• COLLECTED DATA:
┄┄┄┄┄┄

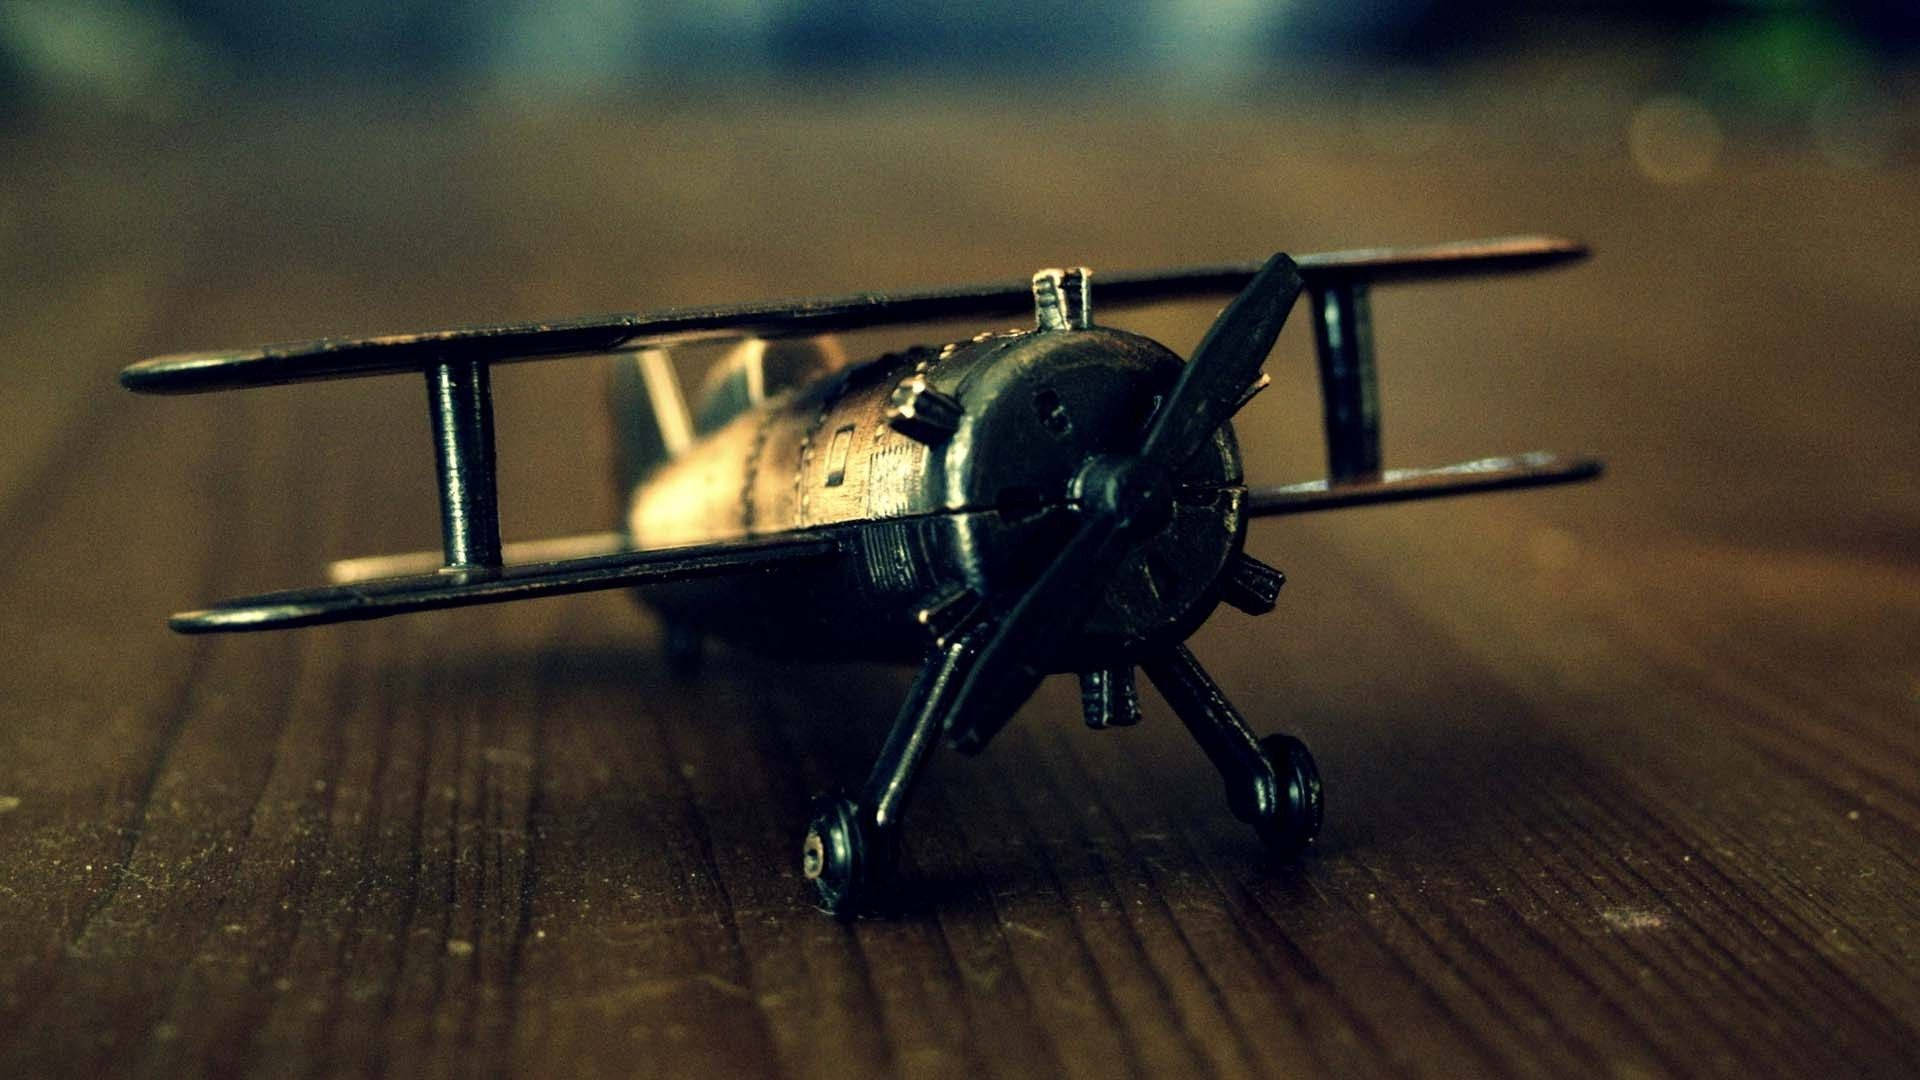 Classic Toy Airplane Background
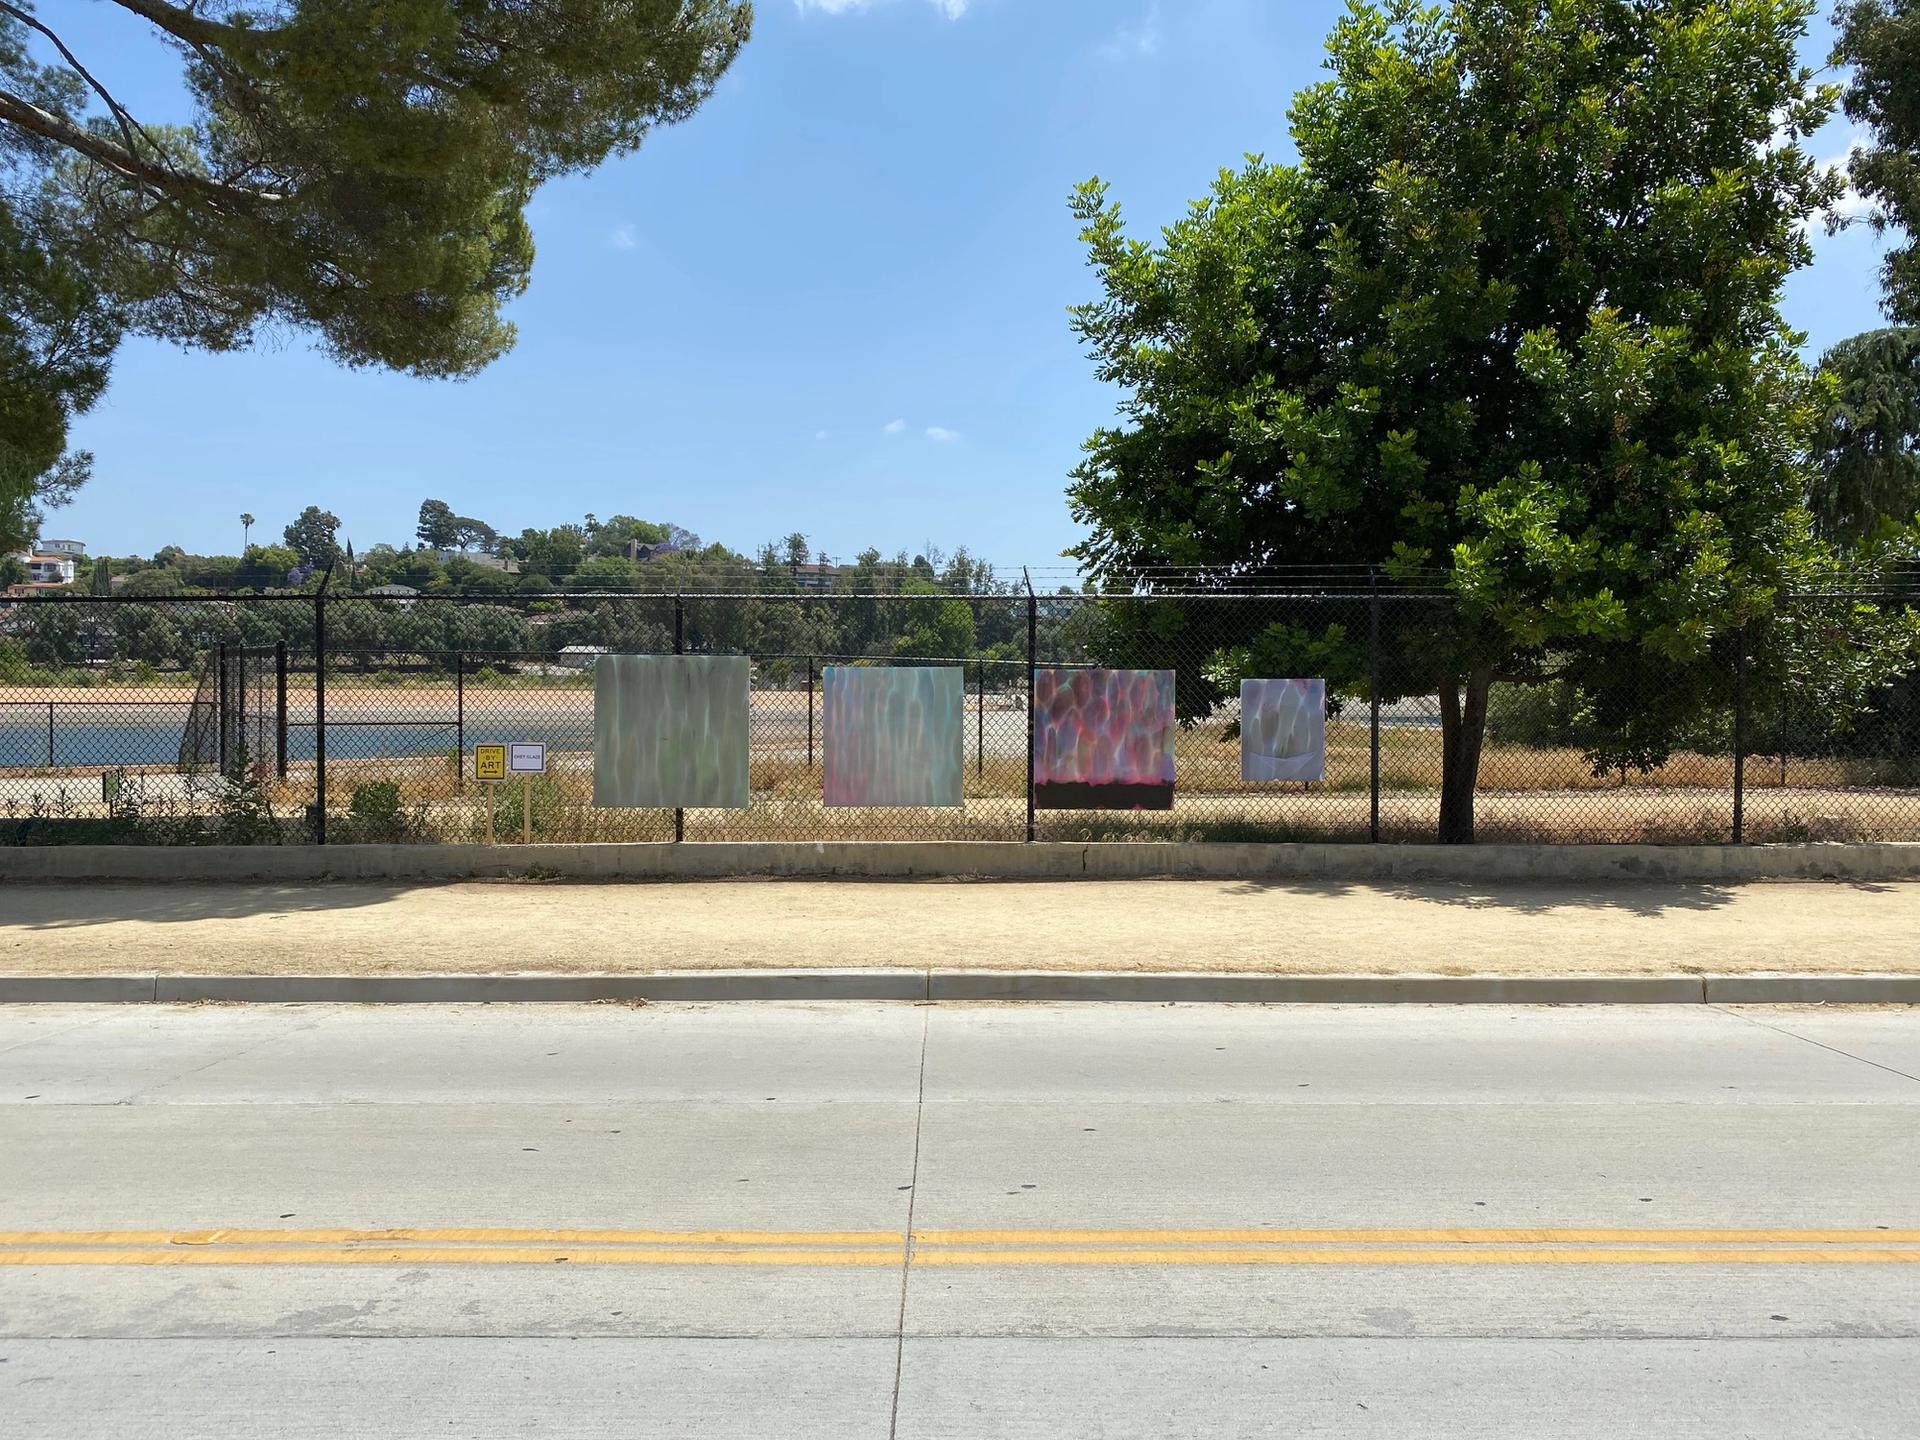 Chet Glaze, Thick Slick (2019), Scuzzy Drip (2019), VW Driveway (2020), Tramp Camp (2019)  installed on Silver Lake Drive in LA 
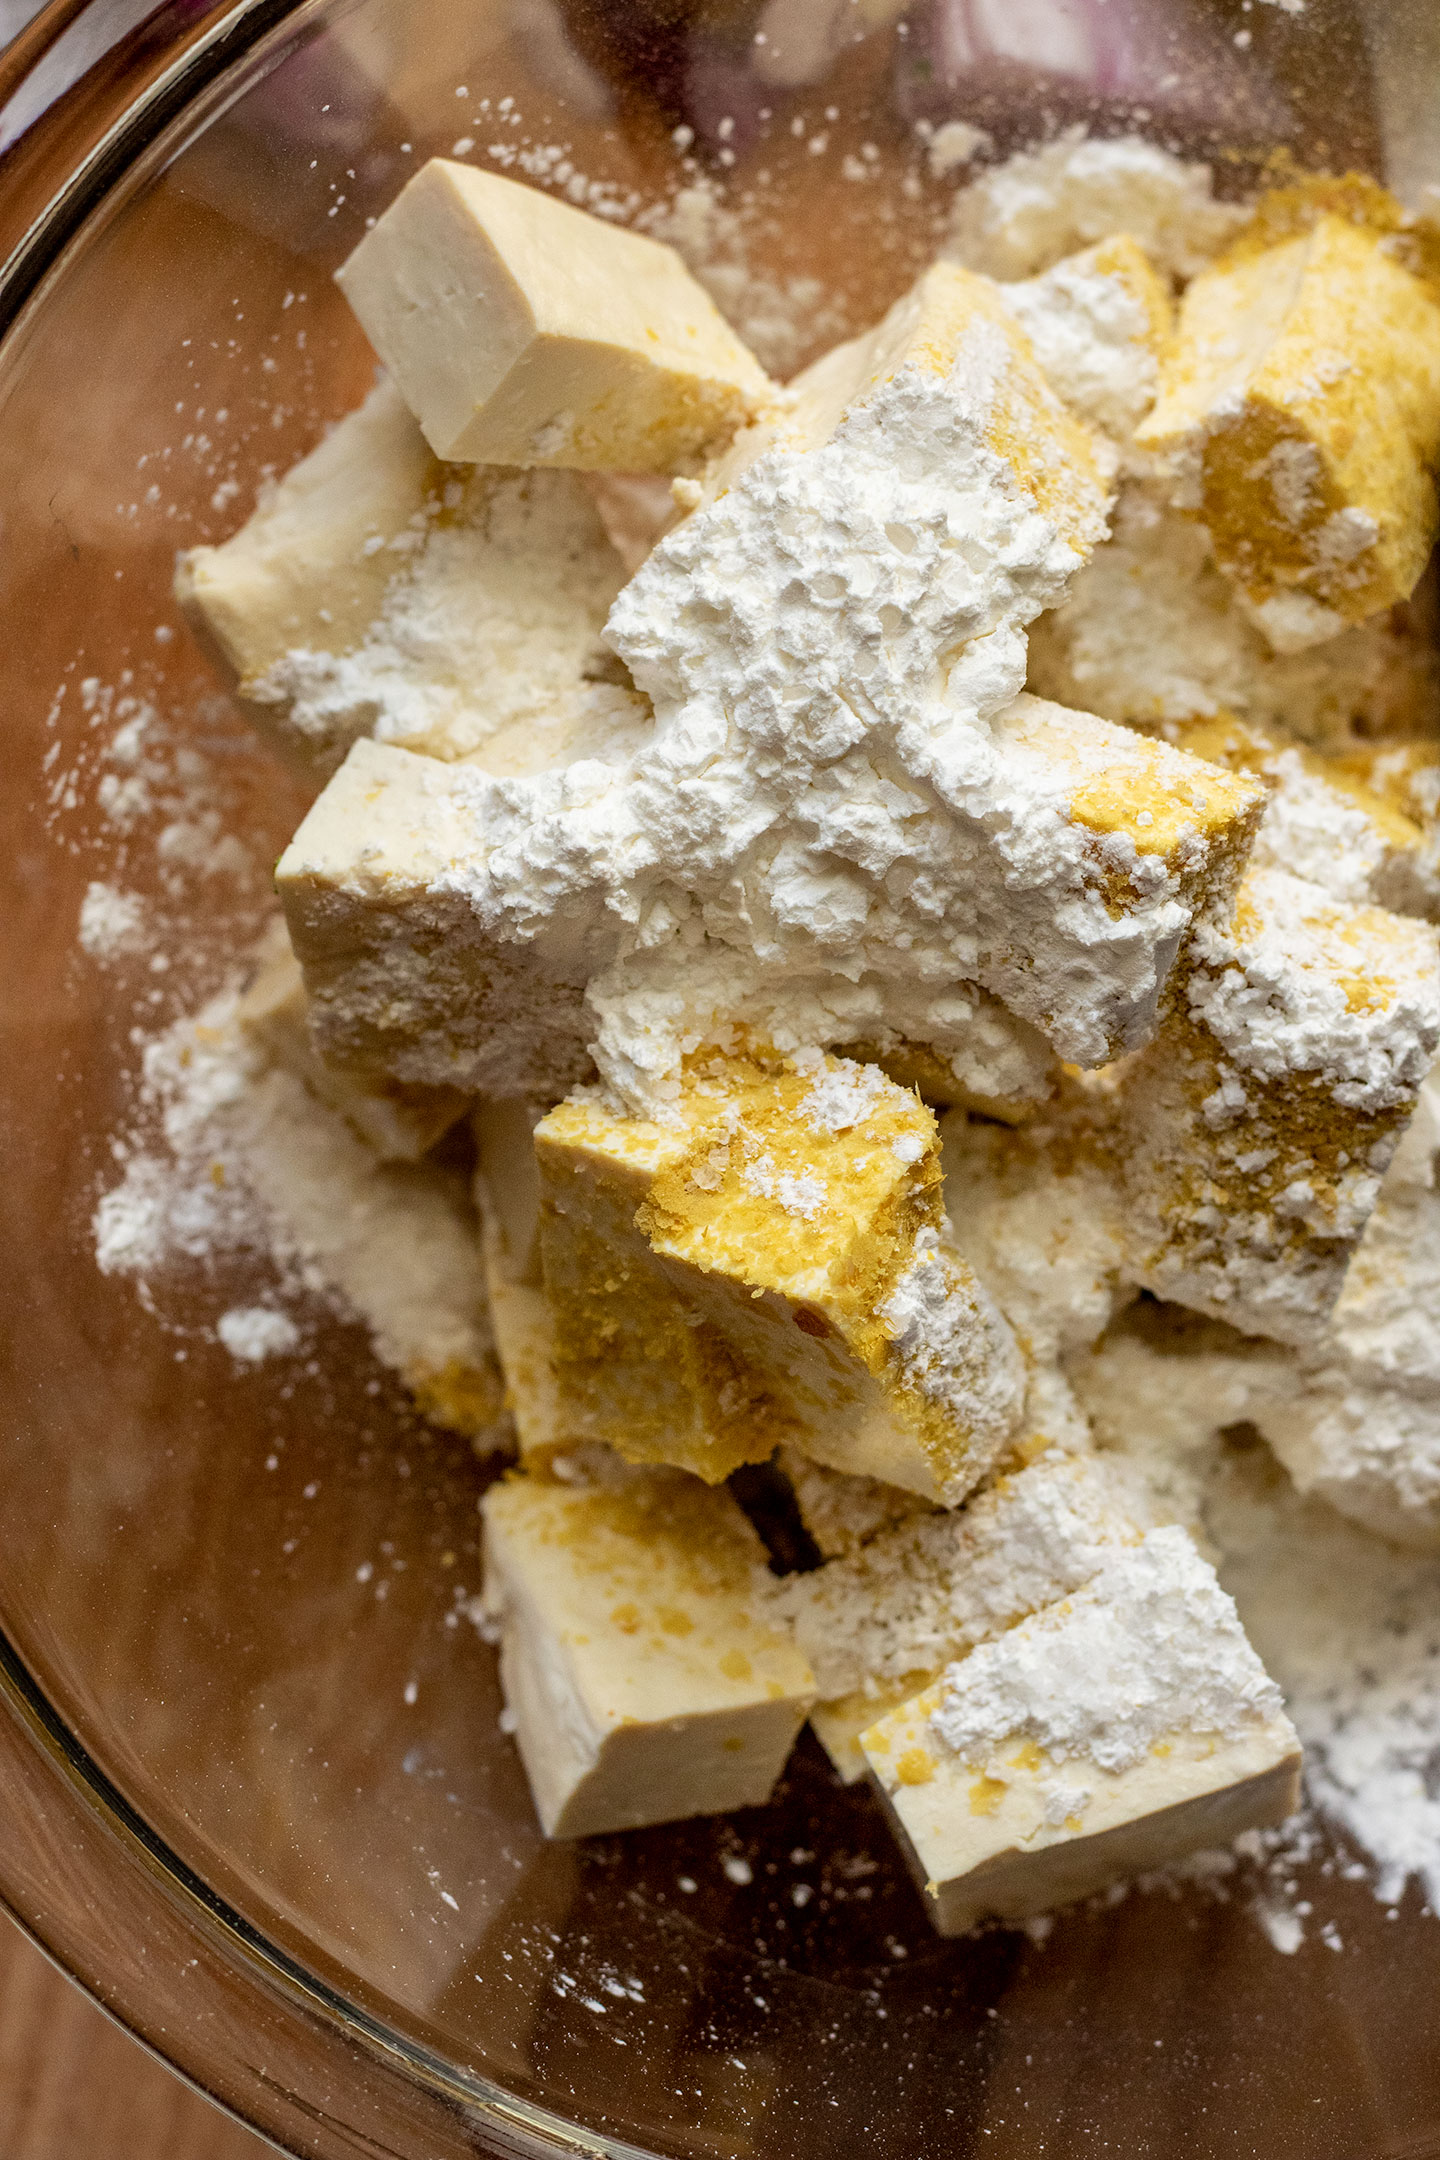 Tofu coated in cornstarch and nutritional yeast being tossed together in a bowl.

┄┄┄┄┄┄

• WORK ITEM:
Since only the text is needed, retype the data above exactly and omit the pictures.

• WRITTEN SOLUTION:
 Classic Toy Airplane Background
 Chet Glaze, Thick Slick (2019), Scuzzy Drip (2019), VW Driveway (2020), Tramp Camp (2019)  installed on Silver Lake Drive in LA 
 Tofu coated in cornstarch and nutritional yeast being tossed together in a bowl.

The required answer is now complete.